Signs of AI Writing and How to Remove Them
Copy-ready Claude prompt
Here is a draft Reddit comment for r/{{subreddit_name}}: {{paste_draft}}. Remove every AI vocabulary word from Wikipedia's Signs of AI writing list, break any Rule-of-Three list into an uneven count, replace vague attributions with specifics I provide, and vary sentence length. Keep my actual opinion, don't soften it.Learning objectives
- Name at least eight words on the "AI vocabulary" watchlist and explain why each reads as a tell.
- Explain the Rule of Three and negative parallelism, and rewrite an example of each.
- State the em-dash heuristic and why Wikipedia treats it as a signal, not proof.
- Explain why AI-detection tools are unreliable and what to teach instead.
Prerequisites: Stage 1 in full, especially Lesson 1.3.3 (the ethics line); Stage 2 Lesson 2.4.3 (citation ethics).
Core concepts
Start with the primary source: Wikipedia's "Signs of AI writing" names a specific AI-vocabulary watchlist to purge on sight, delve, tapestry, testament, underscore, pivotal, boasts, showcase, intricate, vibrant, crucial, garner, foster, robust, seamless, and "stands as/serves as" constructions that replace a plain "is." If a draft comment for r/SaaS contains three of these, it did not survive a human editor, and Reddit readers can tell.
Structural tells matter more, because they survive a thesaurus pass. The Rule of Three is the most reliable: models default to triplets, and when every list has exactly three items the rhythm itself reads as machine-generated (Wikipedia; Forbes, Sep 2025). Break it deliberately, two items sometimes, five sometimes. Negative parallelism ("It's not just a scheduling tool, it's a trust-building tool") mimics insight while saying little; strip it and state the claim.
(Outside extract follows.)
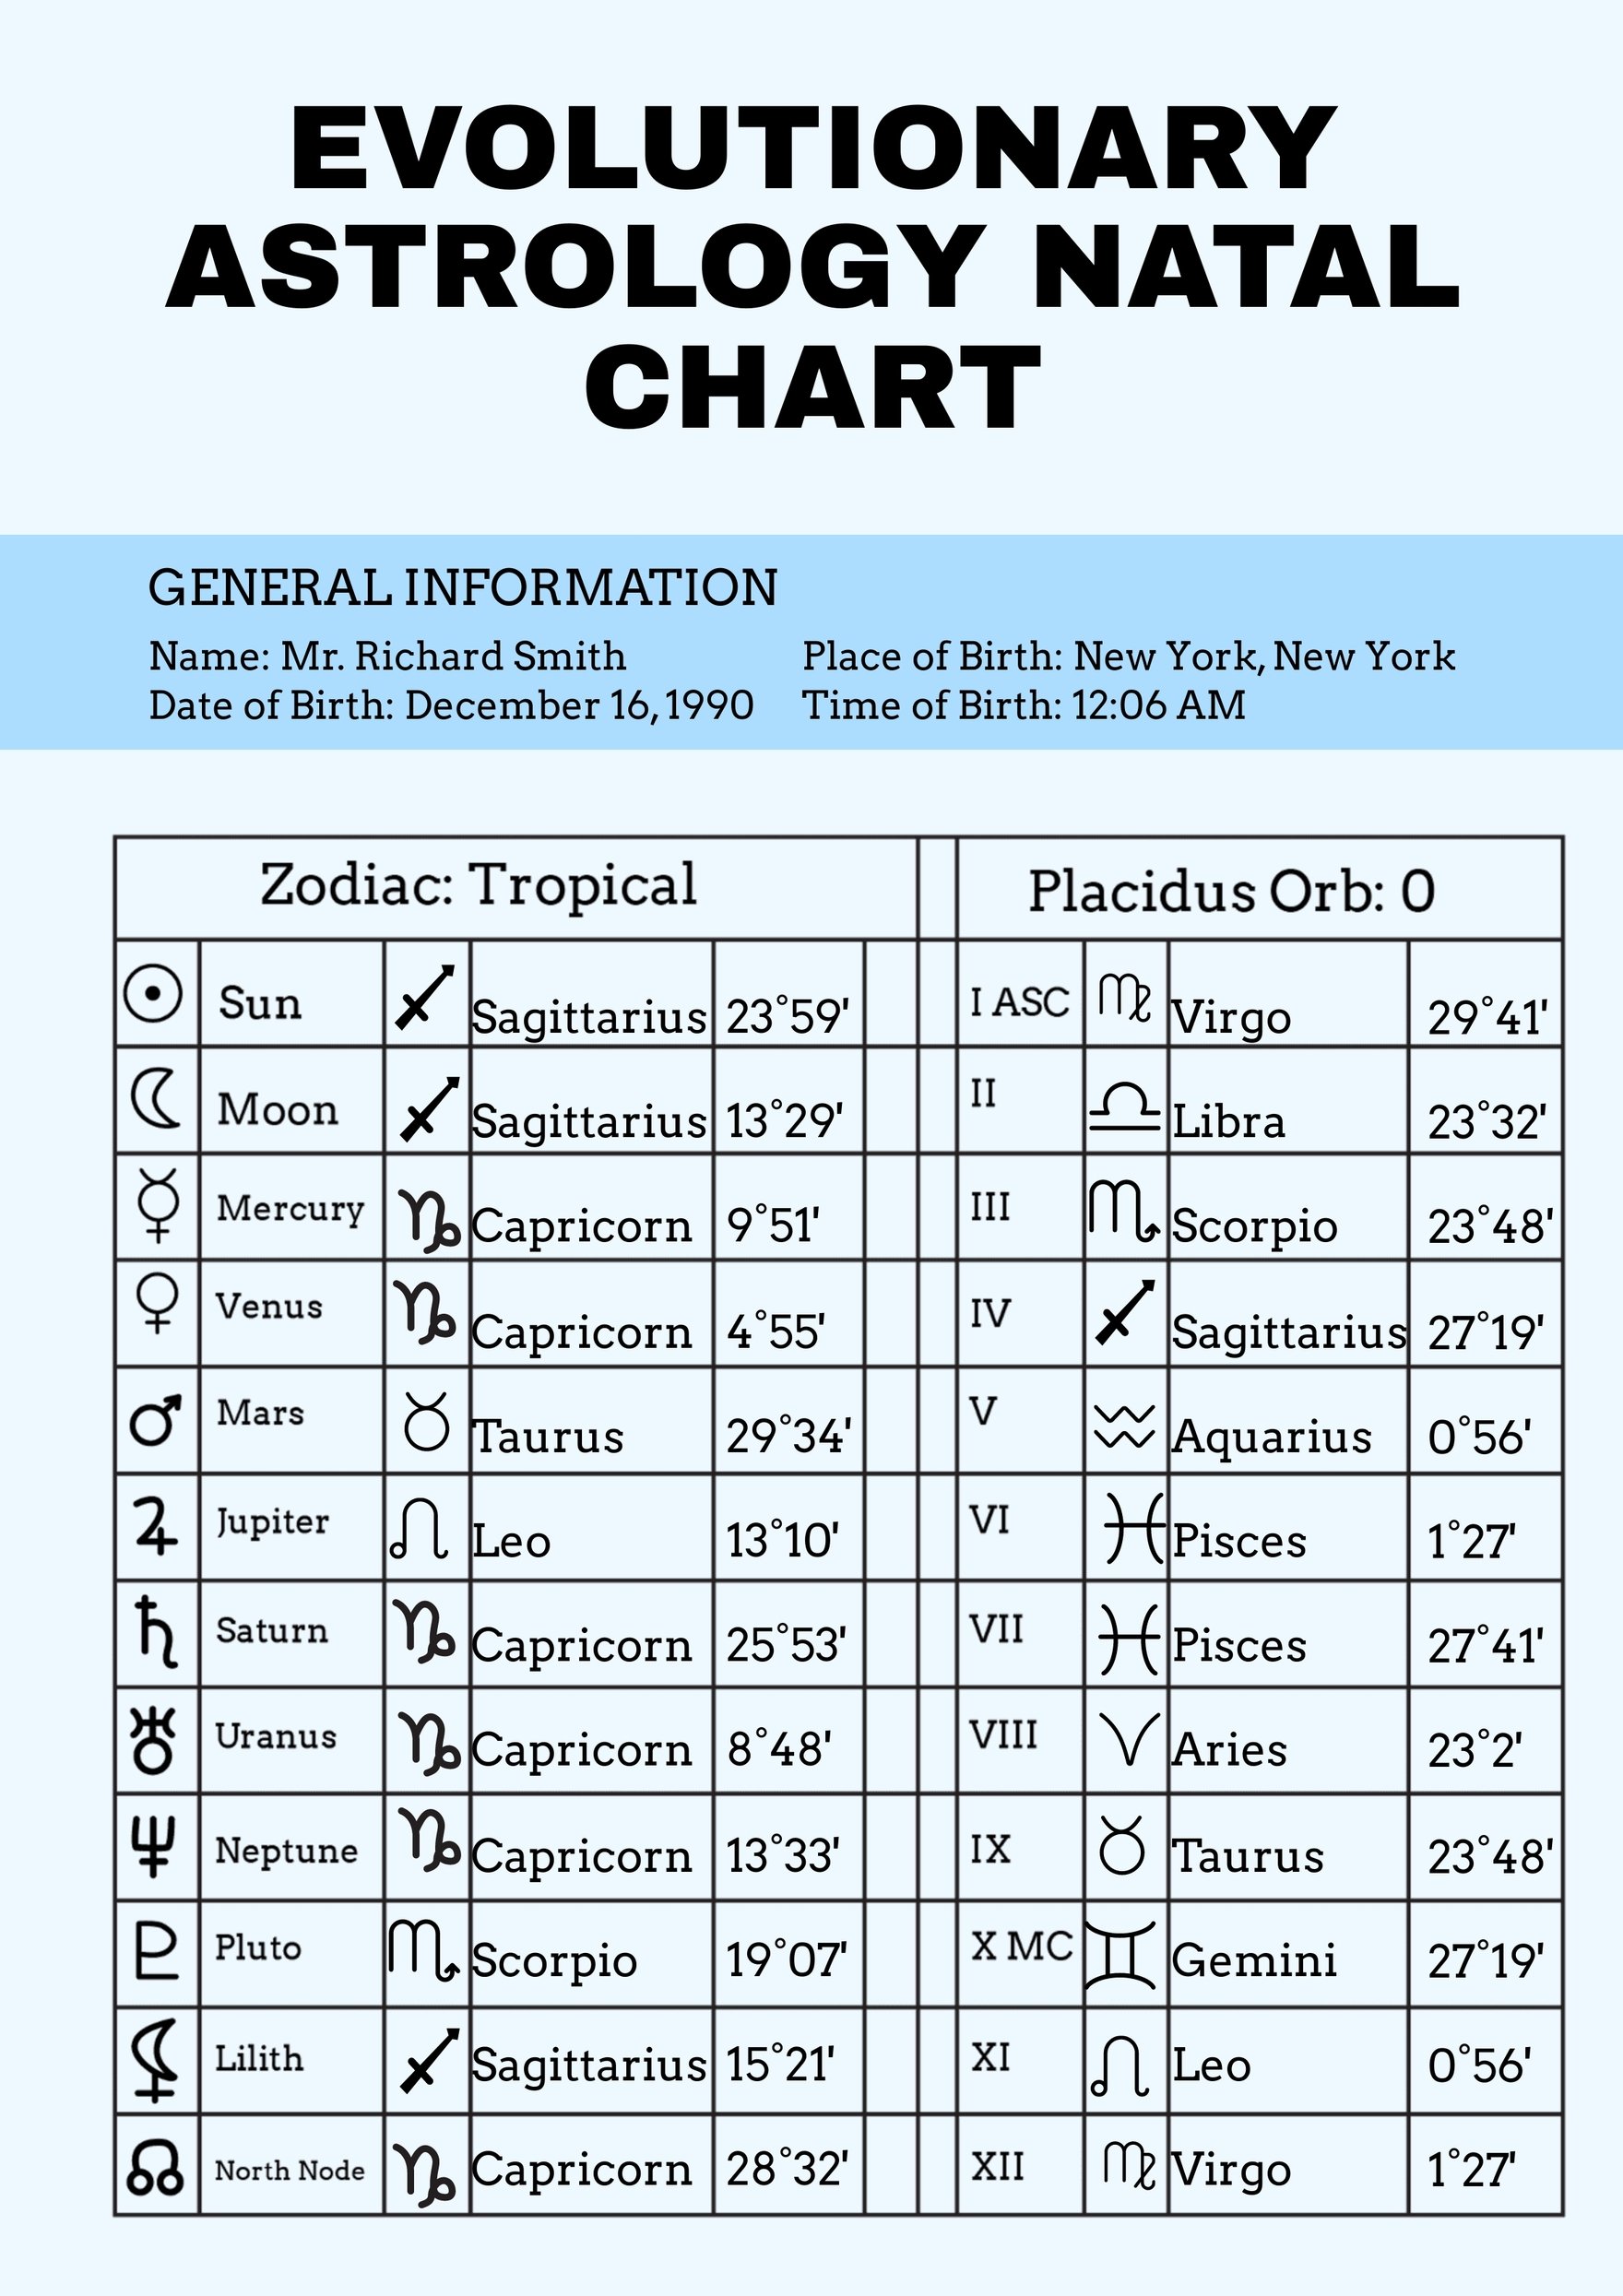 Astrology Chart Template in Google Sheets, Google Slides, Word ...

Tailing -ing clauses ("...further cementing its role in the workflow") are superficial add-ons; delete them or replace with a real consequence.
Vague attribution is the clearest tell to a skeptical reader. "A recent study shows," "researchers found", none of that survives a comment section, because someone asks "which study?" within the hour. Replace every vague attribution with the actual source, number, and tool name.
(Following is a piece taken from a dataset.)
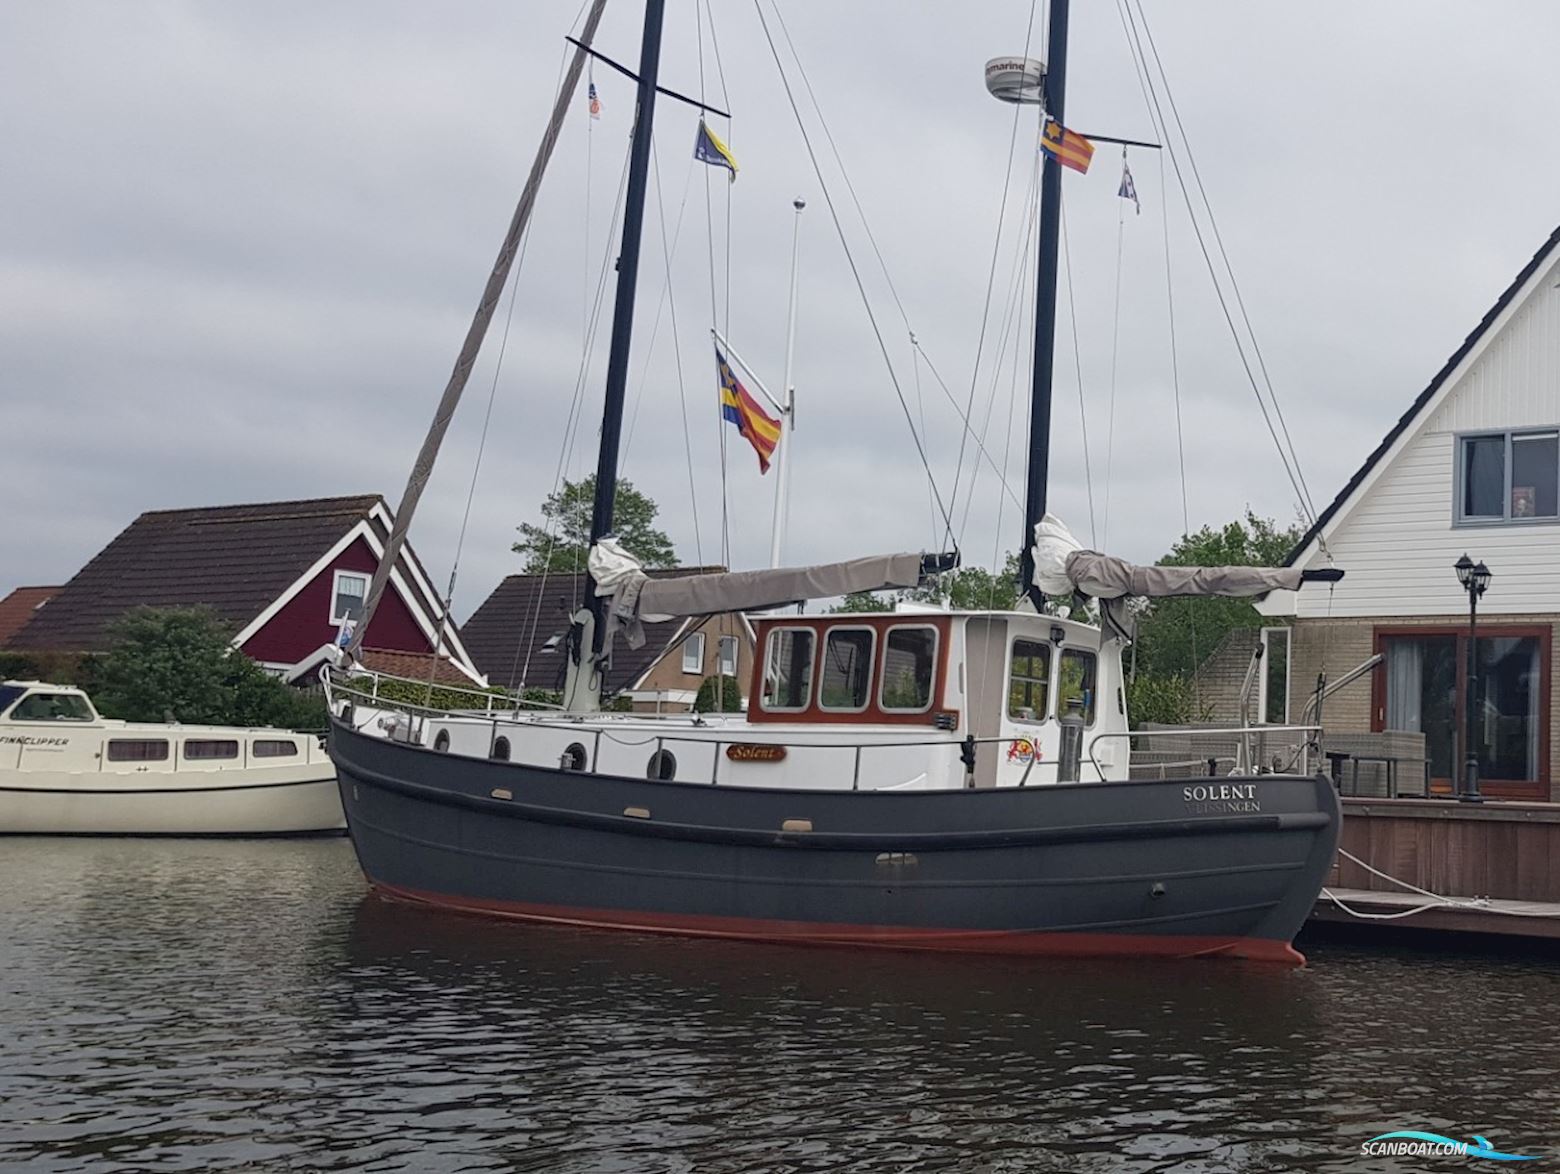 Speelmanskotter 1100 Sailing boat 1991, with Ford engine, The Netherlands

Sentence rhythm is subtler: AI text clusters in a narrow 15-25 word band, producing a "metronomic" rhythm humans perceive as artificial (GPTZero; Writing Cooperative). Fix it with deliberate variance, a fragment, then a long run, then something medium. Read drafts aloud; anywhere you stumble is where a reader's attention snags too.
On em dashes: treat the "ChatGPT dash" as a heuristic, not gospel, humans use them too, and the models learned the habit from us. A workable rule (vrid.ai): more than roughly three per 500 words is worth investigating, not a verdict. Wikipedia's guide and TechCrunch's November 2025 coverage of it both warn against over-relying on any single detector, even heavy LLM users correctly identify AI text only about 90% of the time by ear. The actual skill is human pattern recognition applied before posting, not a checker's clean bill of health.
Video lessons
Supporting reading
- Wikipedia:Signs of AI writing (https://en.wikipedia.org/wiki/Wikipedia:Signs_of_AI_writing), the definitive primary source; read it in full.
- The best guide to spotting AI writing comes from Wikipedia, TechCrunch (https://techcrunch.com/2025/11/20/the-best-guide-to-spotting-ai-writing-comes-from-wikipedia/), why detector tools are unreliable.
- How to Avoid AI Detection (the Right Way): Top Writing Strategies, Grammarly blog (https://www.grammarly.com/blog/ai/how-to-avoid-ai-detection/), the sentence-length clustering data.
Exercise
Take an AI-drafted paragraph from the last month. Circle every AI-vocabulary word, triplet, negative-parallelism sentence, and vague attribution. Rewrite it by hand, aloud, with deliberate sentence-length variance.
Assignment
Build a personal "never use these words" list of 15+ terms and run your next three Reddit drafts against it. Log violations caught per draft.
Claude workflow
- Skill idea: an "AI-tell scanner" that flags AI-vocabulary words, triplets, negative parallelism, and em-dash density per 500 words in any draft.
- Automation: none, this stays a human judgment call; a scheduled reminder to run the scanner before each post is the most that should be automated.
Expected outcomes
- Can name at least eight AI-vocabulary words from memory.
- Can identify the Rule of Three, negative parallelism, and tailing -ing clauses on sight.
- Personal watchlist built and applied to three real drafts with a logged violation count.